KABUL — (UPDATE – 10:17 a.m.) Suicide bombers attacked two mosques in Afghanistan on Friday, killing at least 72 people including children, officials and witnesses said.

And early Saturday morning, as many as two rockets landed near the international military headquarters in downtown Kabul, Afghan security officials said.

One bomber walked into a Shi‘ite Muslim mosque in the capital Kabul as people were praying on Friday night and detonated an explosive, one of the worshippers there, Mahmood Shah Husaini, said.

At least 39 people died in the blast at the Imam Zaman mosque in the city’s western Dasht-e-Barchi district, interior ministry spokesman Najib Danish said.

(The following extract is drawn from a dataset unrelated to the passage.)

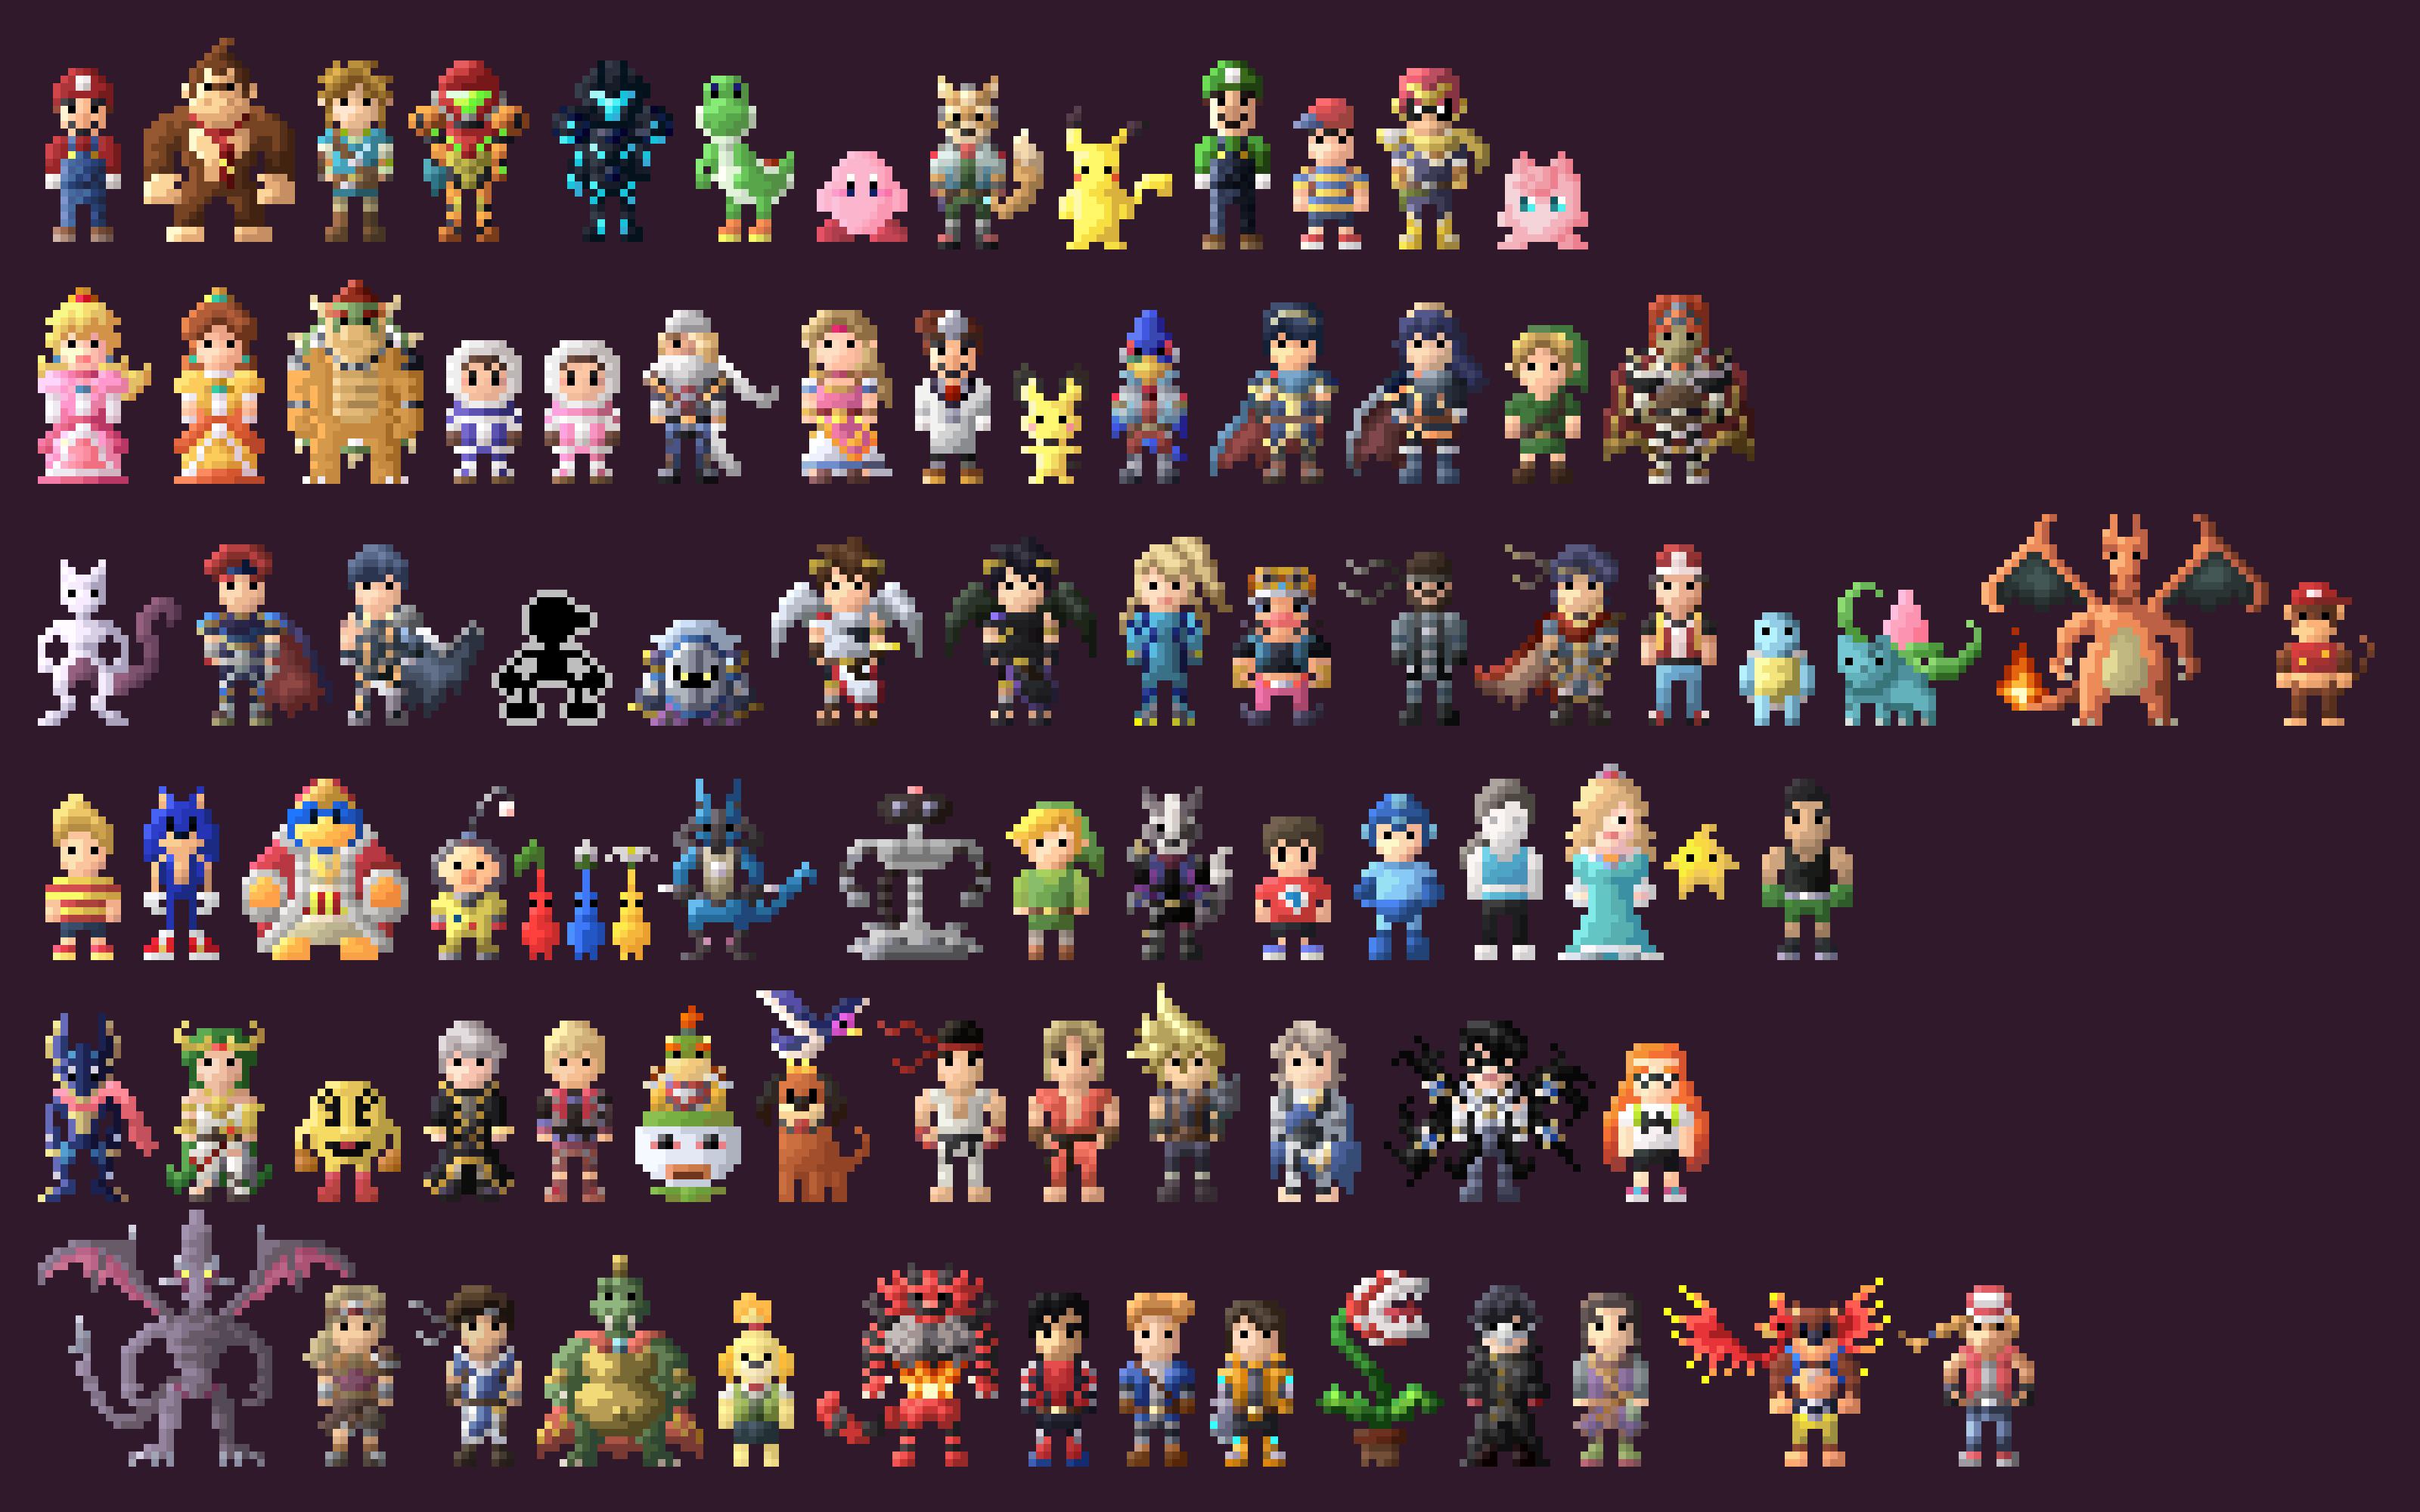 mario bros characters 8 bit

Islamic State claimed responsibility for the, saying in a statement that a suicide bomber had detonated a vest, but without providing evidence to support its claim.

Shi‘ite Muslims have suffered a series of attacks in Afghanistan in recent months, many of them claimed by the Sunni militants of Islamic State.

Separately, a suicide bombing killed at least 33 people at a mosque in central Ghor province, a police spokesman said.

The attack appeared to target a local leader from the Jamiat political party, according to a statement from Balkh provincial governor Atta Mohammad Noor, a leading figure in Jamiat.

No one immediately claimed responsibility.

There were no reports of casualties in the rocket strikes.

At around 6 a.m. (01:30 am GMT) alarms could be heard sounding at the headquarters of the NATO-led military mission, as well as at several foreign embassies in the area.

The alarms were followed by several loud explosions.